PF prende Marcelo Martins, delegado-chefe das delegacias especializadas

PF prende Marcelo Martins, delegado-chefe das delegacias especializadas

As irregularidades envolvem o funcionamento de padarias dentro do complexo de Bangu. A fase da operação desencadeada nesta terça-feira foi feita a partir de reportagens exibidas pelo jornalismo da TV Globo.

A fraude foi descoberta em maio do ano passado, quando uma auditoria do Tribunal de Contas do Estado (TCE) apontou que os contribuintes pagavam duas vezes pelo pão fornecido aos presos: na compra dos ingredientes e pelos pães prontos. Um contrato era para o fornecimento do pão, e outro, de valor ainda maior, para comprar os ingredientes.

De acordo com a investigação, uma organização sem fins lucrativos chamada Iniciativa Primus instalou máquinas para a fabricação de pães dentro do presídio, usou a mão de obra dos presos, energia elétrica, água, ingredientes fornecidos pelo estado – ainda cobrava pelo pãozinho.

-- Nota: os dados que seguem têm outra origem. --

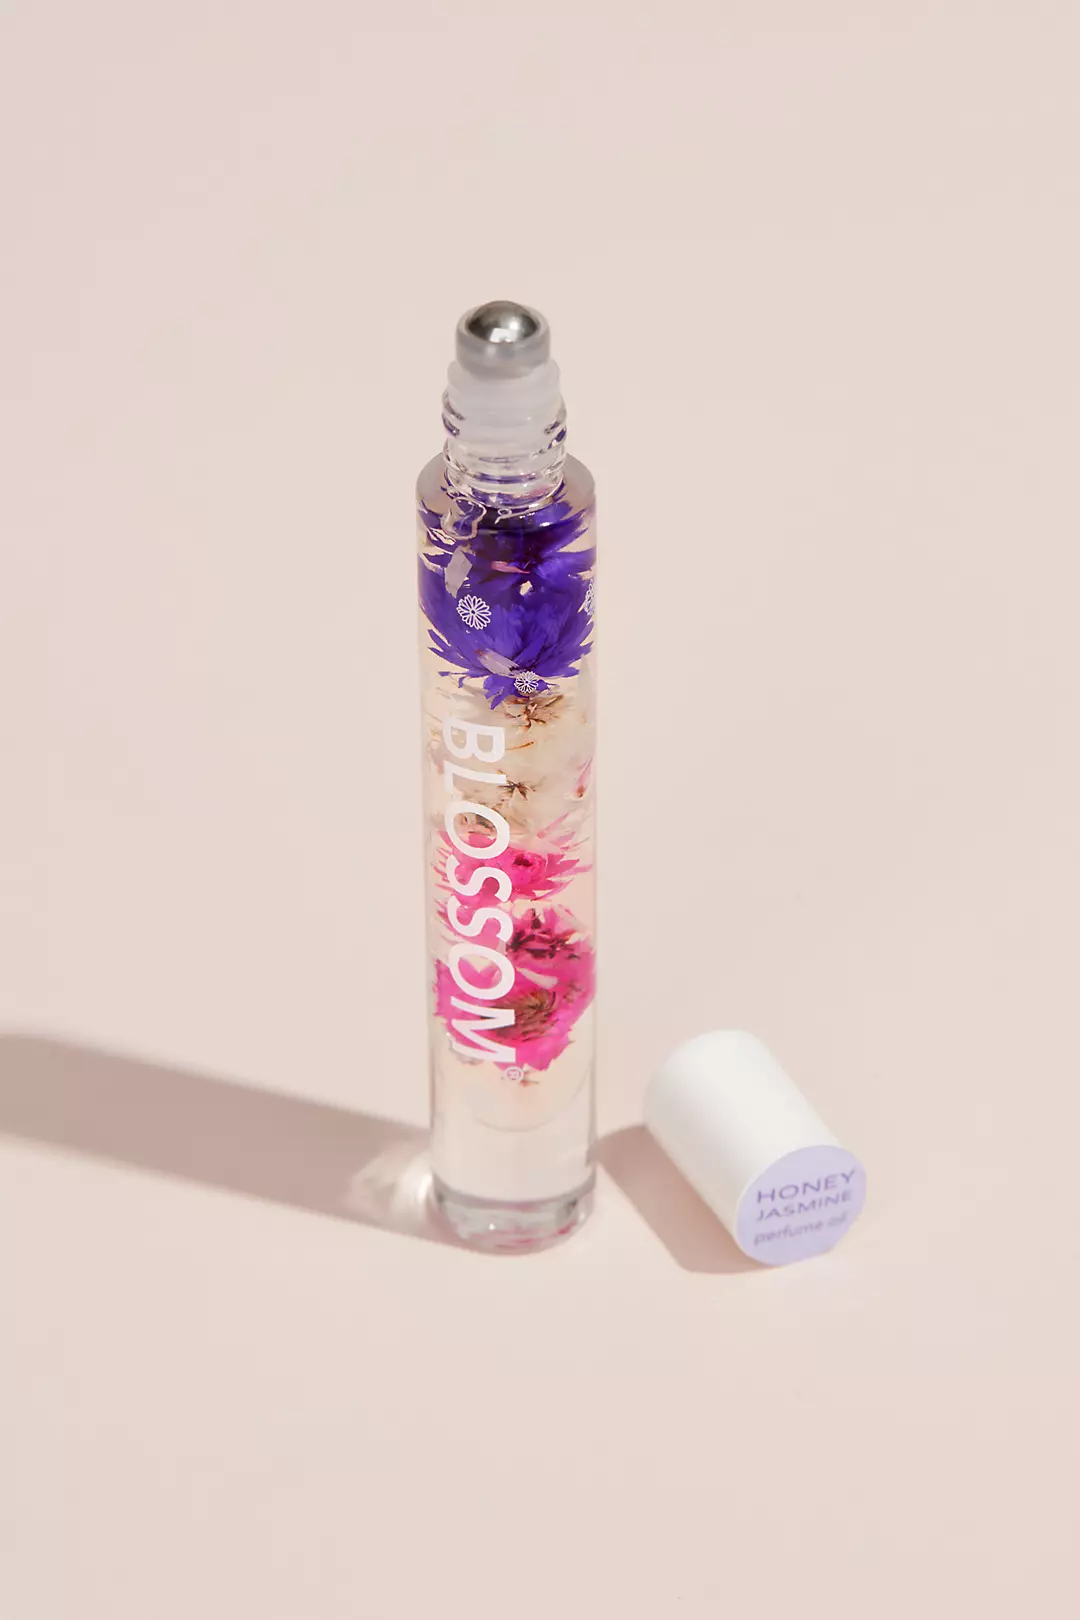 Honey Jasmine Flower Infused Roll-On Perfume Image 2

Delegado Marcelo Martins foi preso na manhã desta terça-feira em desdobramento da Lava Jato no Rio (Foto: Reprodução / TV Globo)

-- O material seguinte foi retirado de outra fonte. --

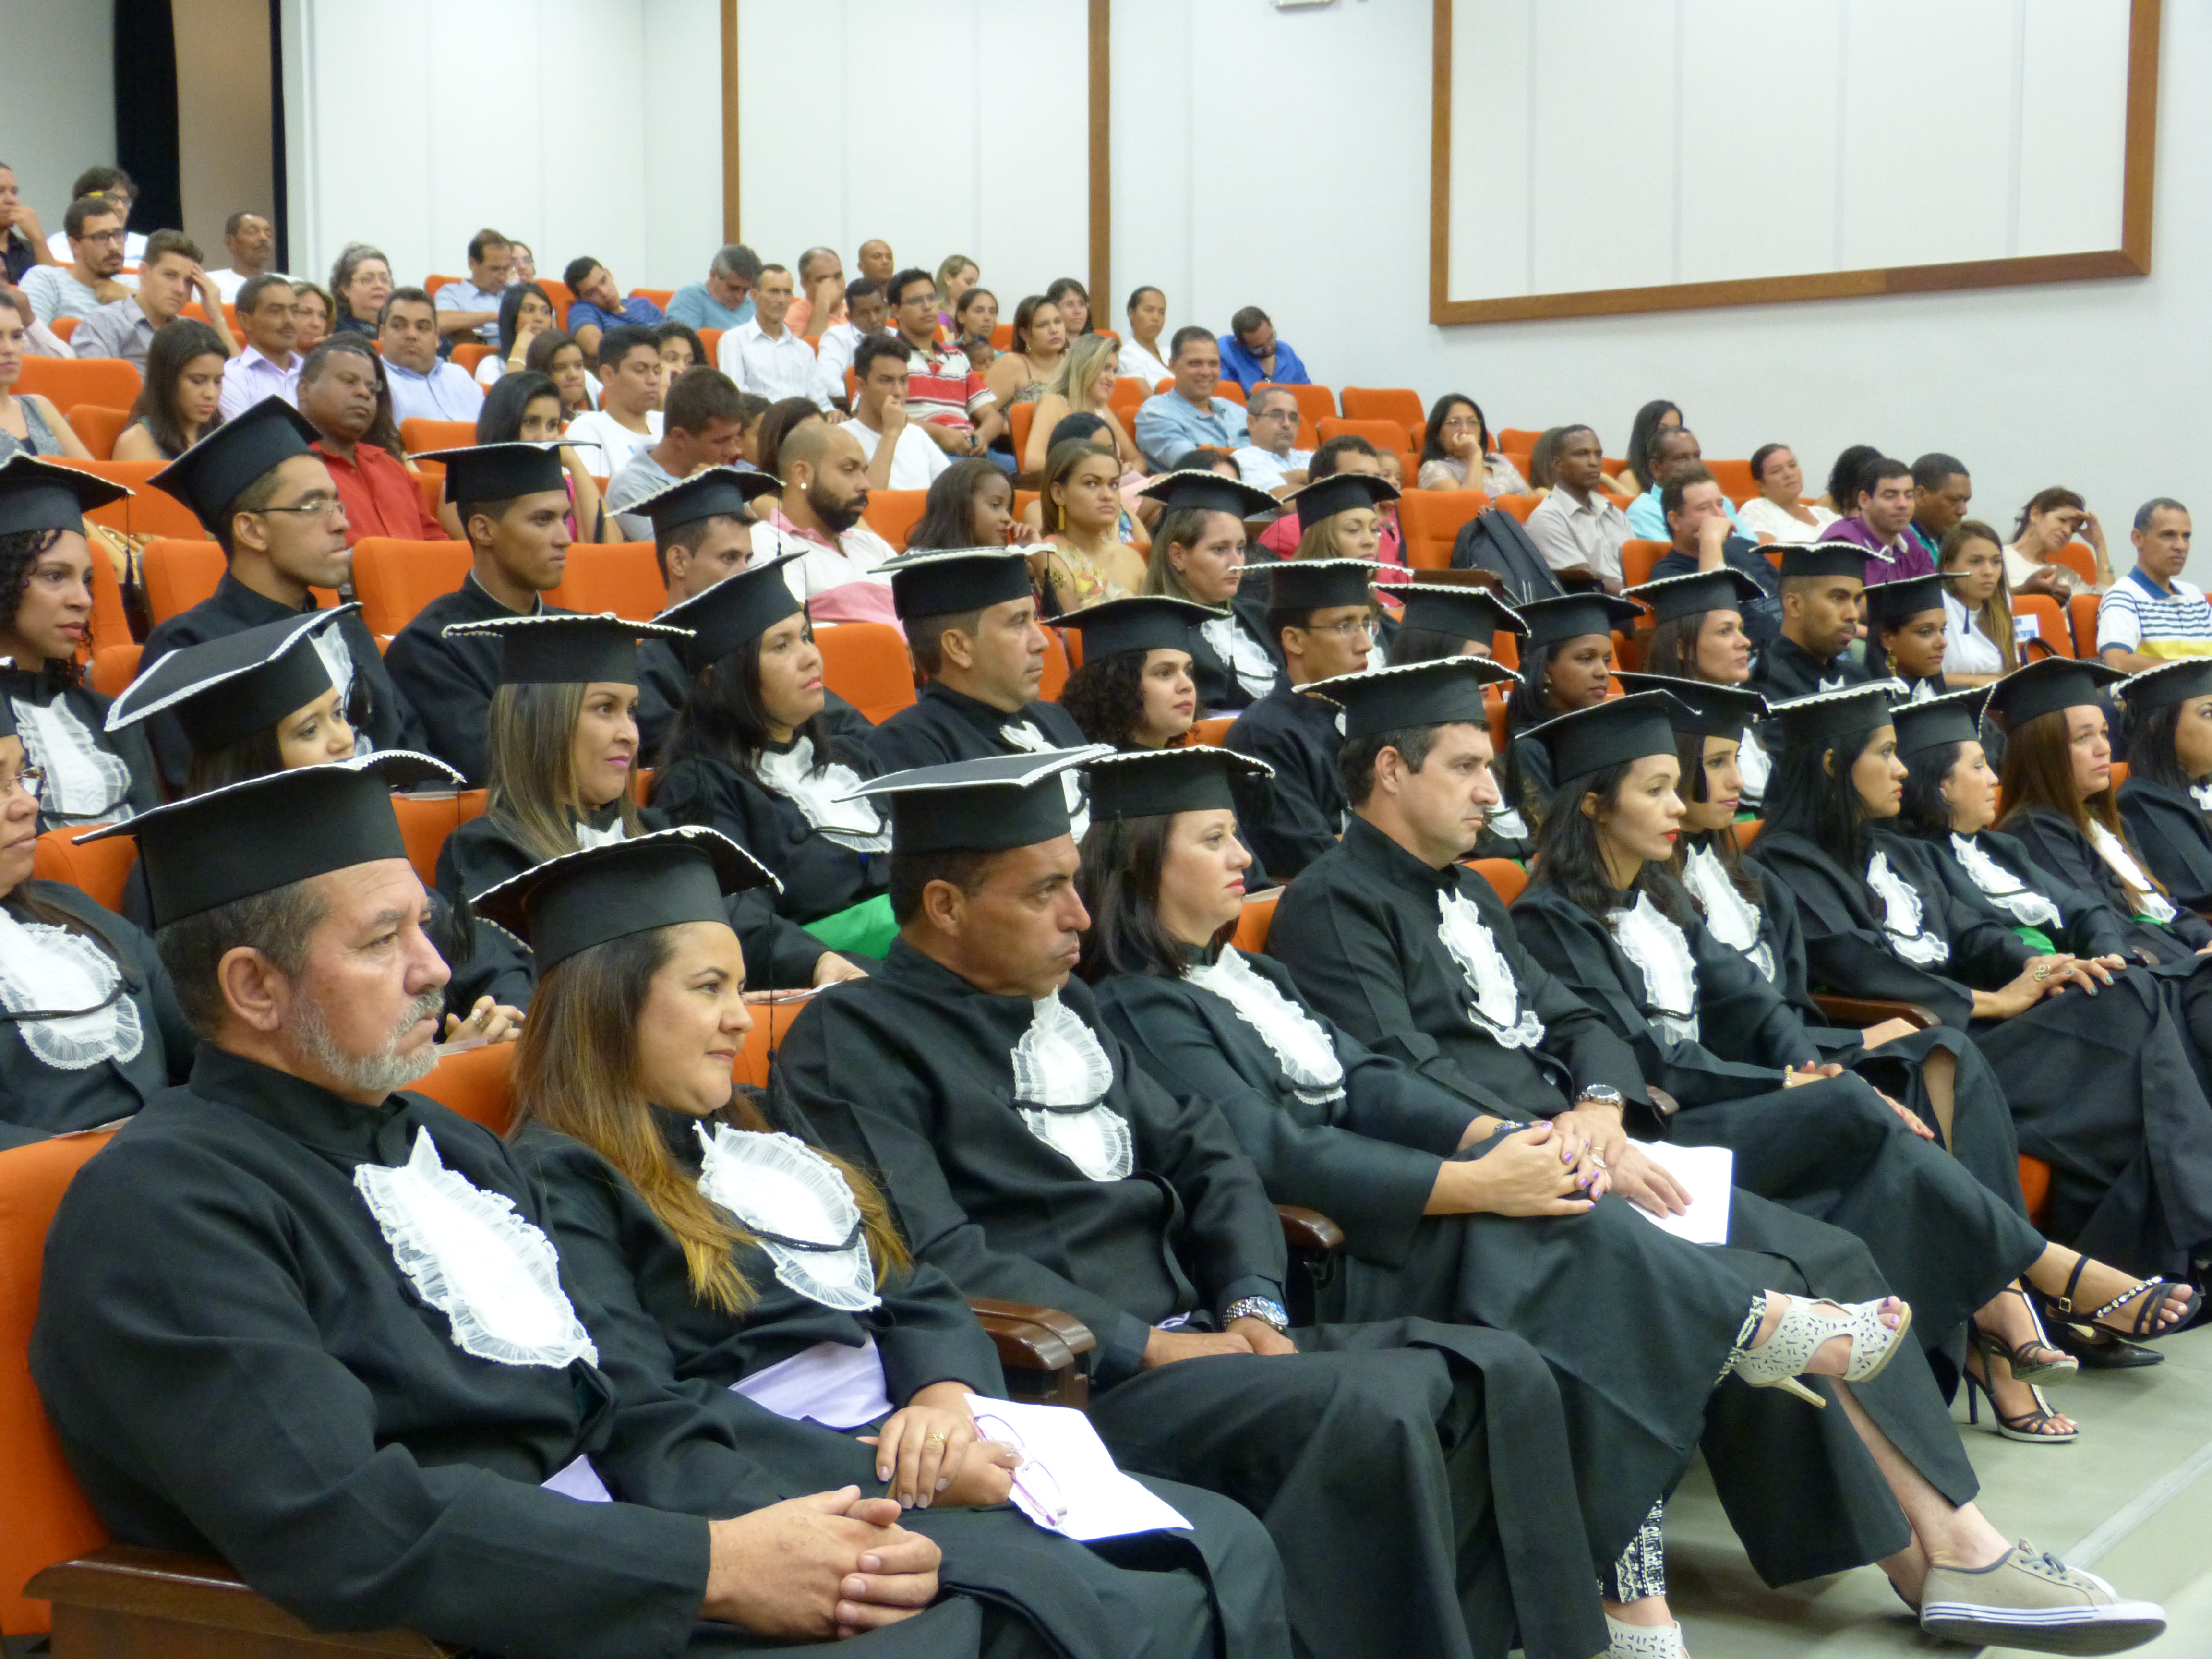 Graduação em Direito – Página Oficial do Colegiado do Curso de Graduação em  Direito da UFMG

Delegado Marcelo Martins foi preso na manhã desta terça-feira em desdobramento da Lava Jato no Rio (Foto: Reprodução / TV Globo)

O envolvimento do delegado Marcelo Martins no esquema teria acontecido em um período em que ele ainda não ocupava o cargo de diretor das delegacias especializadas. Na época dos crimes, Martins era sócio da empresa Finder Executive Consulting Assessoria, suspeita de atos de lavagem de dinheiro em prol da organização criminosa chefiada por Sérgio Cabral.

Ainda segundo o MP, o pai do delegado também recebia vantagens do grupo, pois era sócio de uma casa de câmbio apontada como responsável por lavar dinheiro do esquema criminoso. Essa é a primeira vez que um policial civil é preso na Lava Jato.

Ex-secretário de administração penitenciária, coronel César Rubens Monteiro de Carvalho foi preso na manhã desta terça (Foto: Reprodução / TV Globo)

Ex-secretário de administração penitenciária, coronel César Rubens Monteiro de Carvalho foi preso na manhã desta terça (Foto: Reprodução / TV Globo)

Crescimento de patrimônio

Um fator que chamou a atenção dos investigadores foi o crescimento do patrimônio de César Rubens Monteiro de Carvalho, que aumentou em 10 vezes no período em que era secretário da Seap. Em consulta ao Cadastro de Embarcações da Marinha do Brasil, o Ministério Público Federal constatou que ele é proprietário de sete embarcações.

Também há mandado contra o empresário Felipe Paiva, sócio oculto da Iniciativa Primus. Ele também foi dono da empresa anterior que fazia o mesmo trabalho com a Seap, a Induspan. Ele ficou de 2001 a 2015 fornecendo pão para o governo. Segundo os investigadores, ele está atualmente em Portugal.

Agentes estão em Bangu cumprindo mandados de busca e apreensão (Foto: Bruno Albernaz / G1)

Agentes estão em Bangu cumprindo mandados de busca e apreensão (Foto: Bruno Albernaz / G1)

Movimento de R$ 73 milhões

Além da PF, atuam na ação agentes do Ministério Público Federal (MPF) e também o Ministério Público Estadual (MP-RJ) que investigam, respectivamente, formação de quadrilha, lavagem de dinheiro e corrupção, além de peculato (se apropriar do dinheiro público) e fraude de licitação.

De acordo com o MPF, a fraude no fornecimento de pão para os presídios movimentou R$ 73 milhões dos cofres públicos.

O projeto inicial previa a profissionalização dos presos, onde a Seap contratava uma organização sem fins lucrativos para gerir um projeto de padaria. O objetivo do programa era incentivar os presos que quisessem trabalhar na padaria.

A cada três dias de trabalho, eles poderiam ter a redução de um dia na pena. Mas o trabalho de auditoria detectou que o controle era falho. A suspeita é de que o benefício foi concedido até a detentos que não trabalharam.

O TCE ainda constatou a ausência da folha de presença. Assim, não há como comprovar que o serviço foi realmente prestado pelos presos.

Agentes da Polícia Federal cercam casa em Bangu (Foto: Bruno Albernaz / G1)

Agentes da Polícia Federal cercam casa em Bangu.